Composer Patrick Doyle’s score for Thor, of all the MCU music, aims truest for thematic strength and unity. The individual music-pictures in each cue fit into one grand mural of Asgard: golden, royal, and magical. The music accords with the pseudo-Shakespearean dialogue. There are momentous hammerfalls and moments of misery and nostalgia. The violin and the trumpet showcase brilliantly.

The first notable cue on album, “Prologue,” introduces a strings motif that could be for the kingdom of Asgard—five descending notes of tranquility.

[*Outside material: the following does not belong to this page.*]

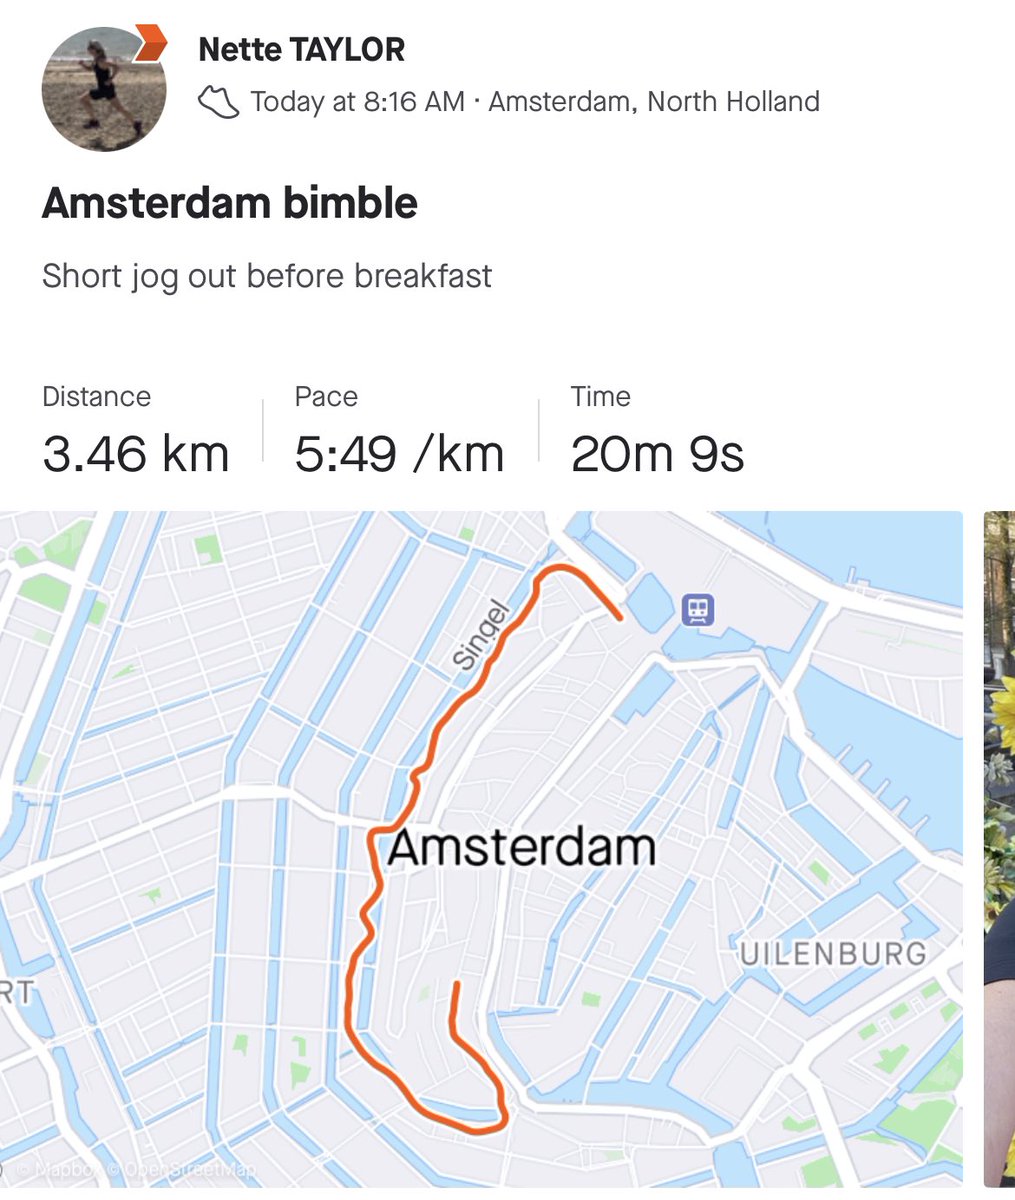 A morning trot to stretch the legs in preparation for seeing @NBThieves in #Amsterdam this evening 🎤 #ukrunchat #running #GoodFriday #holidayrun

“Sons of Odin” is the richest theme in the score, a regal and merry march. Strings open the track with warmth and brightness, tracing out a clear melody. Drums and other percussion enter, grooving and swinging along—ideal heraldry for a headstrong prince.

For sheer volume and force, “Thor Kills the Destroyer” leads the score. Replenished with godly power, Thor smashes the “Destroyer,” a metal minion thug, with a few swats of the hammer.

Other cues demonstrate Patrick Doyle’s mastery of delicate drama. “Banishment,” an intense violin piece, narrates Thor’s exile Asgard by Odin’s hand. “Science and Magic” spotlights a moment of intimacy between Thor and Jane. “Can you See Jane?” features a poignant cello solo that speaks to Thor’s yearning for love.

Remarkably, Thor: The Dark World (2013), composed by Brian Tyler, discarded Doyle’s vibrant themes.

The MCU is still young; this week’s press conference attests to years of creativity to come. In time, Marvel can and should develop bolder themes for its individual heroes. It should establish some thematic continuity between films.

The right film music can draw the portrait of a Marvel hero just as ably as Jack Kirby.